- [Information provided]:
- - -

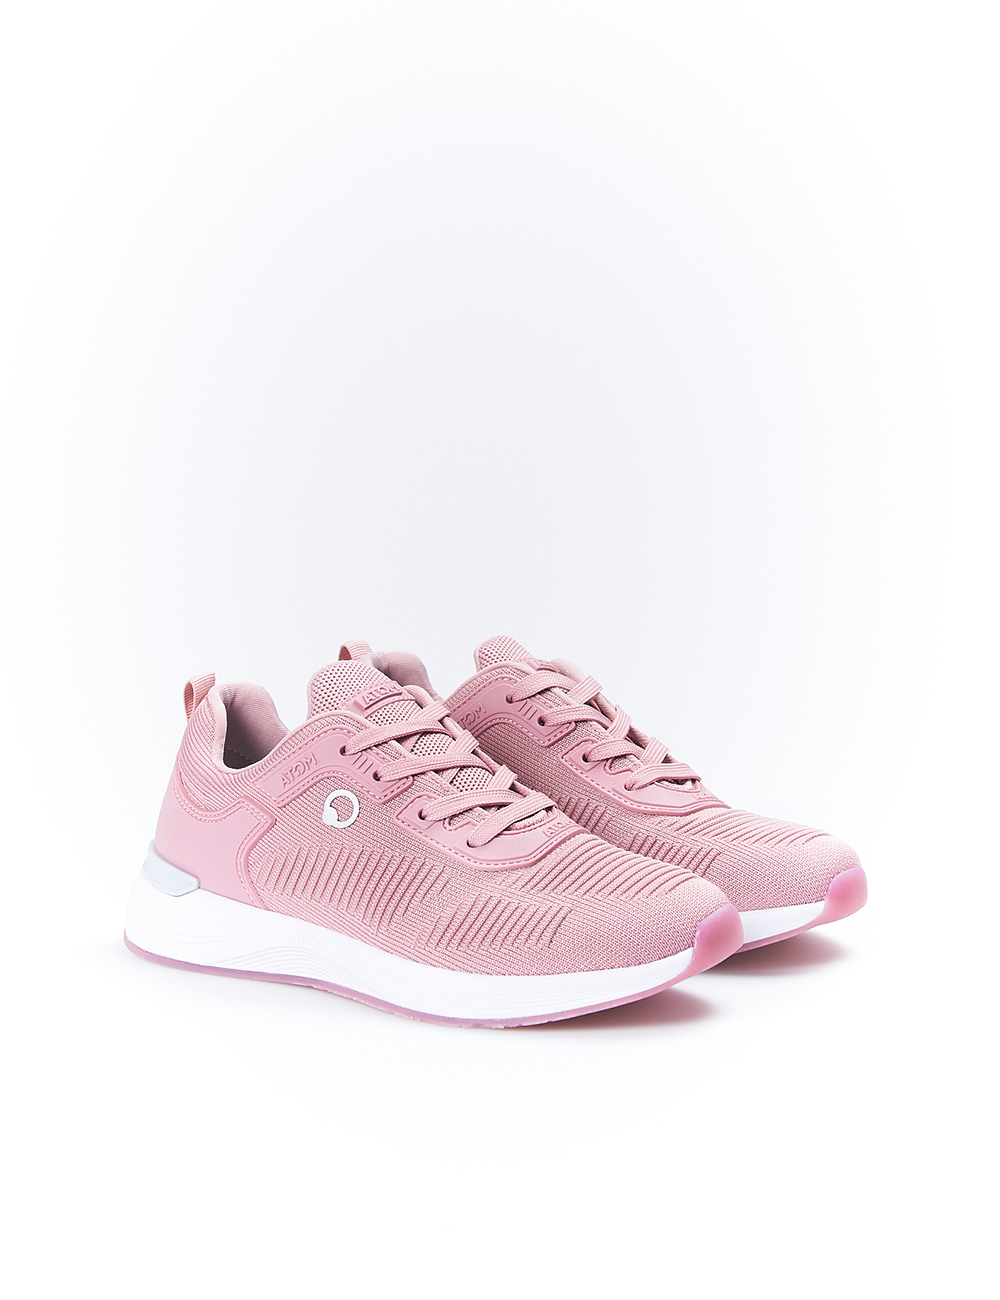 Zapatos Deportivos Atom By Fluchos At107 - Rosa - Sneakers Para Mujer  MKP
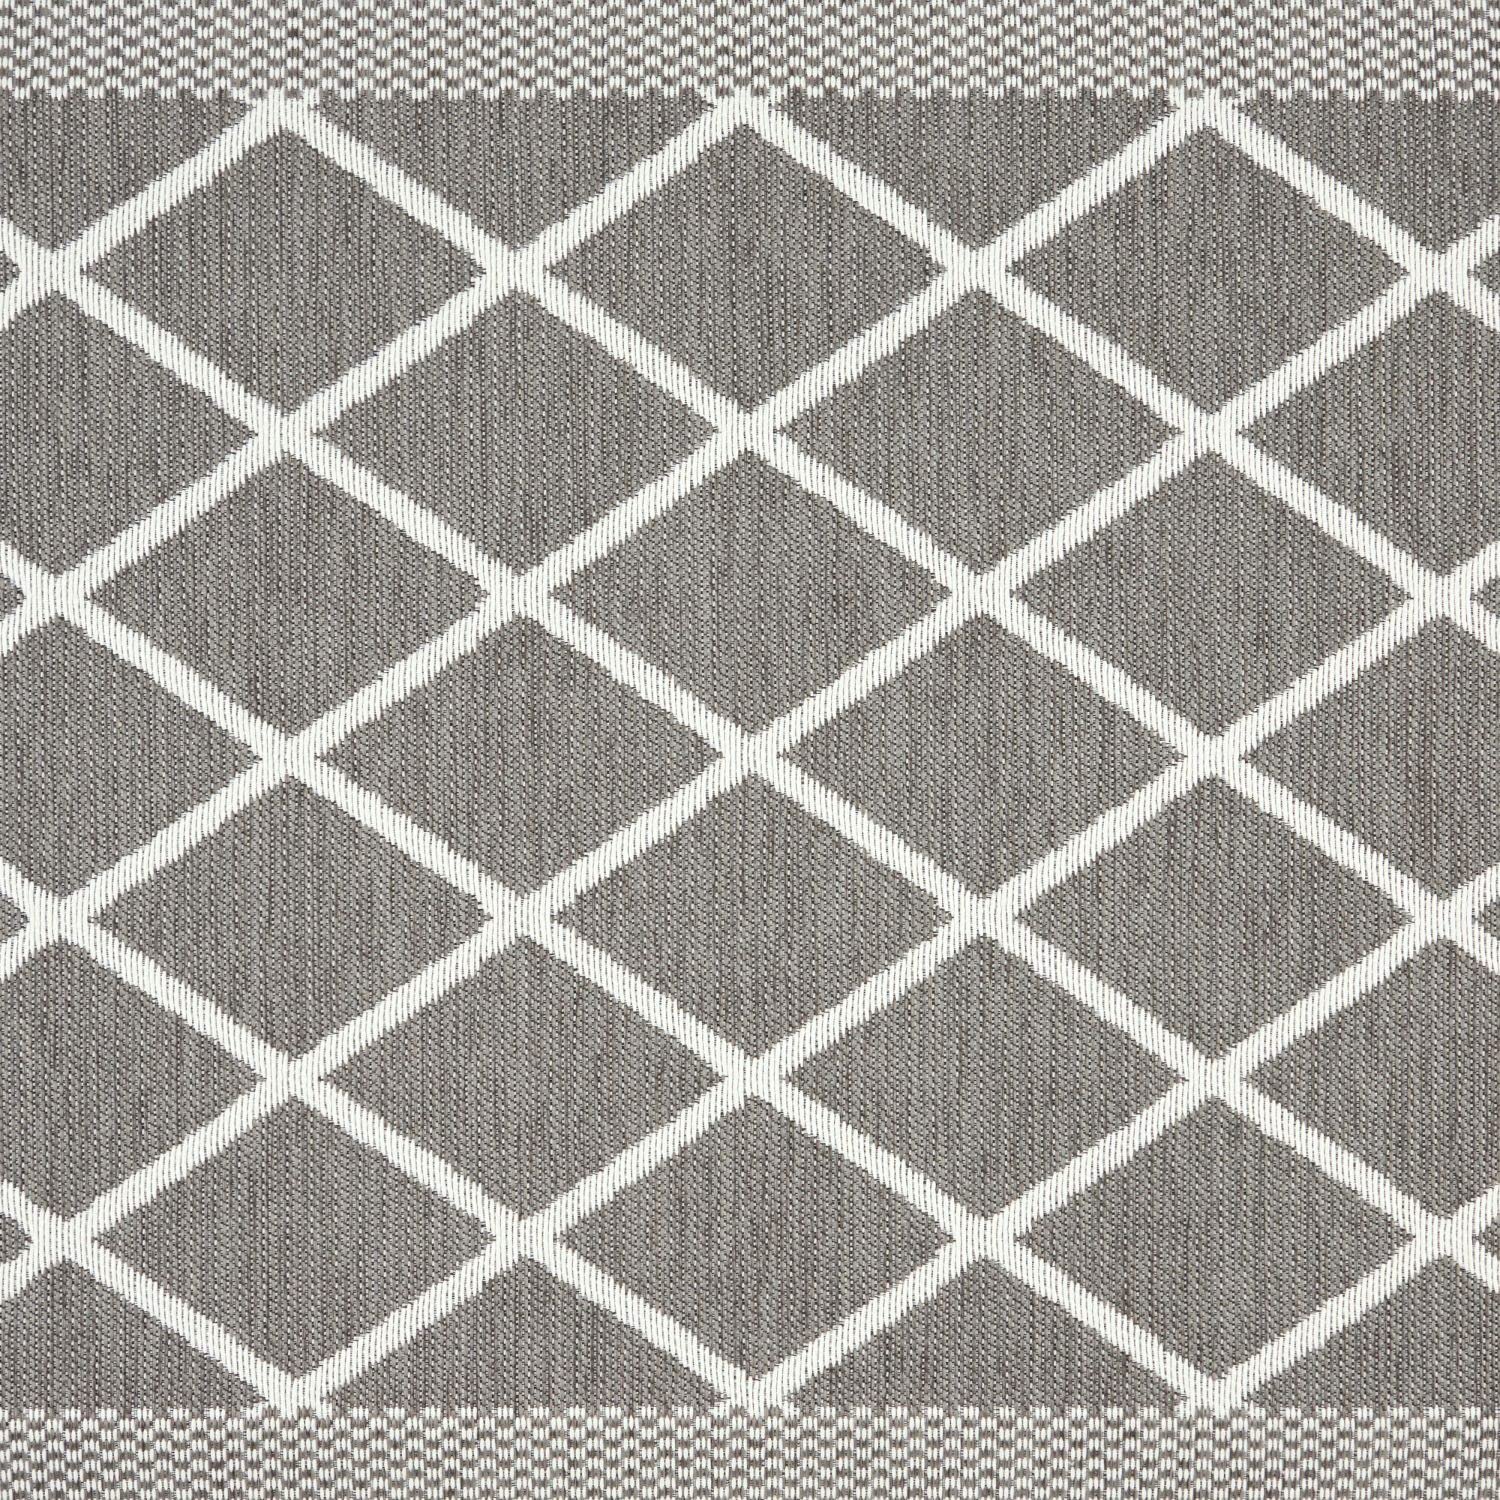 Martha Stewart Miles Modern Diamond Anti-Fatigue Air-Infused Kitchen Mat, Grey, 19.6
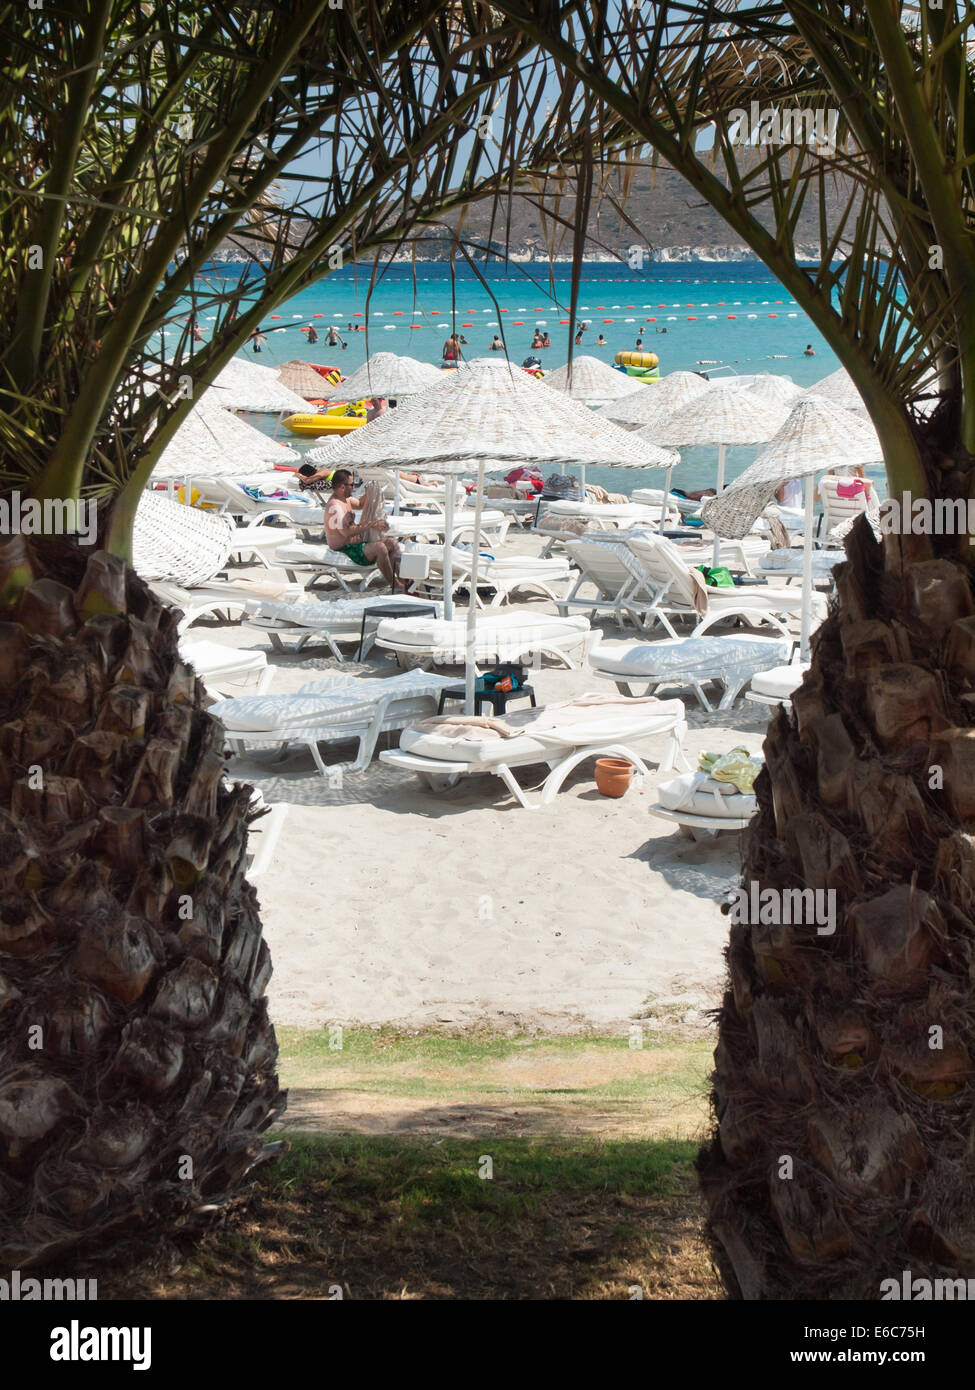 Cesme, Turkey,  August 2nd, 2014: Tourist beach on the Cesme peninsula in high season viewed through palm trees. Stock Photo
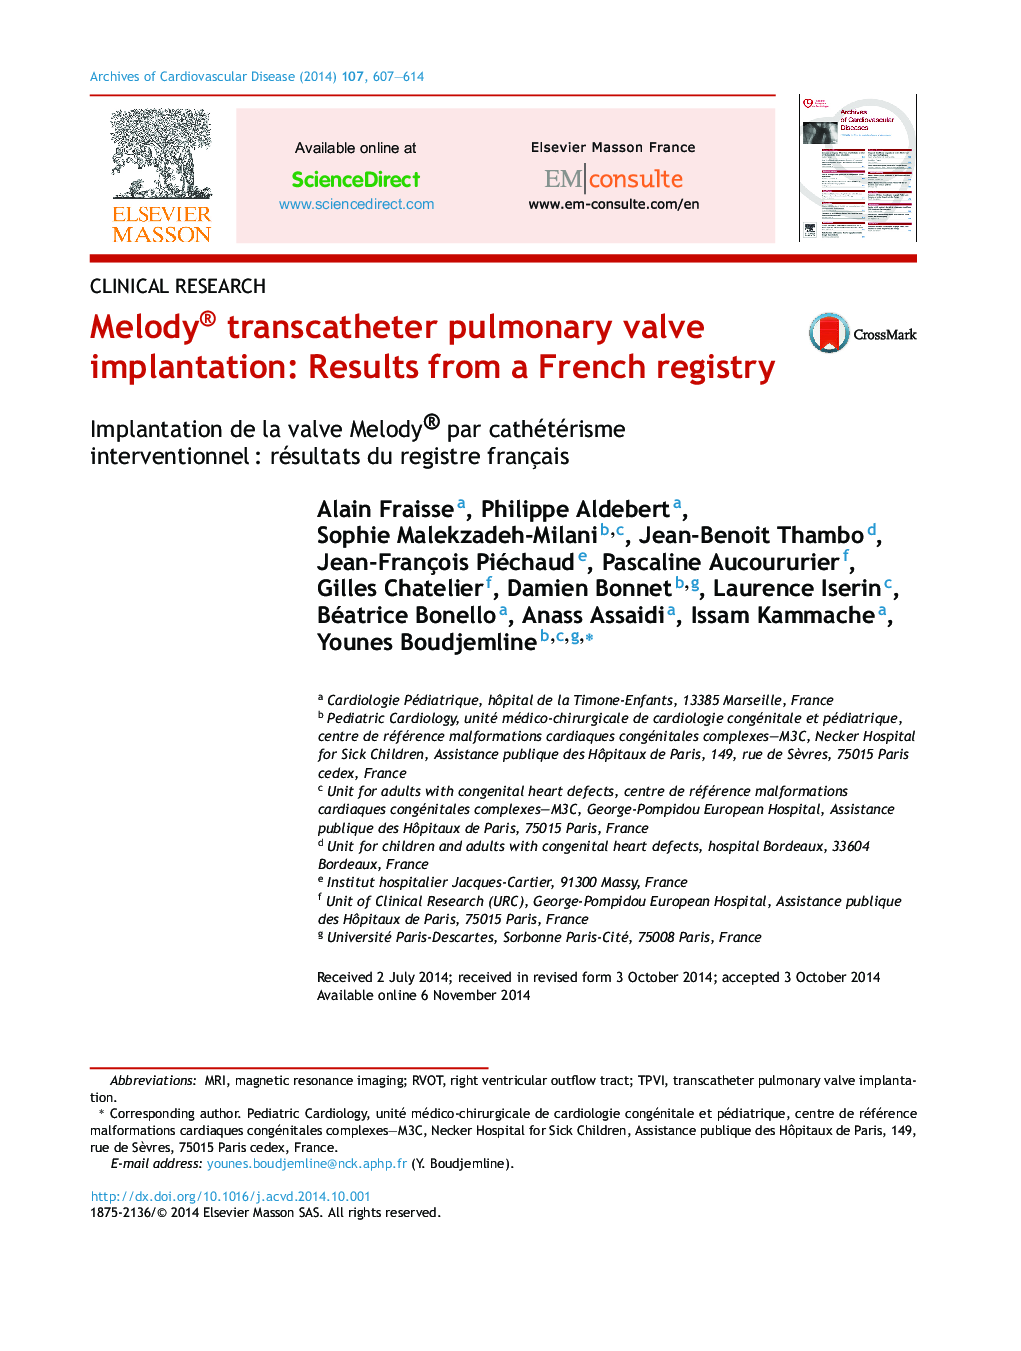 Melody® transcatheter pulmonary valve implantation: Results from a French registry

- - -

- [Required action]:
An exact repeat of the listing above, pictures excluded, is the answer.

- [Exercise solution]:
 Zapatos Deportivos Atom By Fluchos At107 - Rosa - Sneakers Para Mujer  MKP
 Martha Stewart Miles Modern Diamond Anti-Fatigue Air-Infused Kitchen Mat, Grey, 19.6
 Cesme, Turkey,  August 2nd, 2014: Tourist beach on the Cesme peninsula in high season viewed through palm trees. Stock Photo
 Melody® transcatheter pulmonary valve implantation: Results from a French registry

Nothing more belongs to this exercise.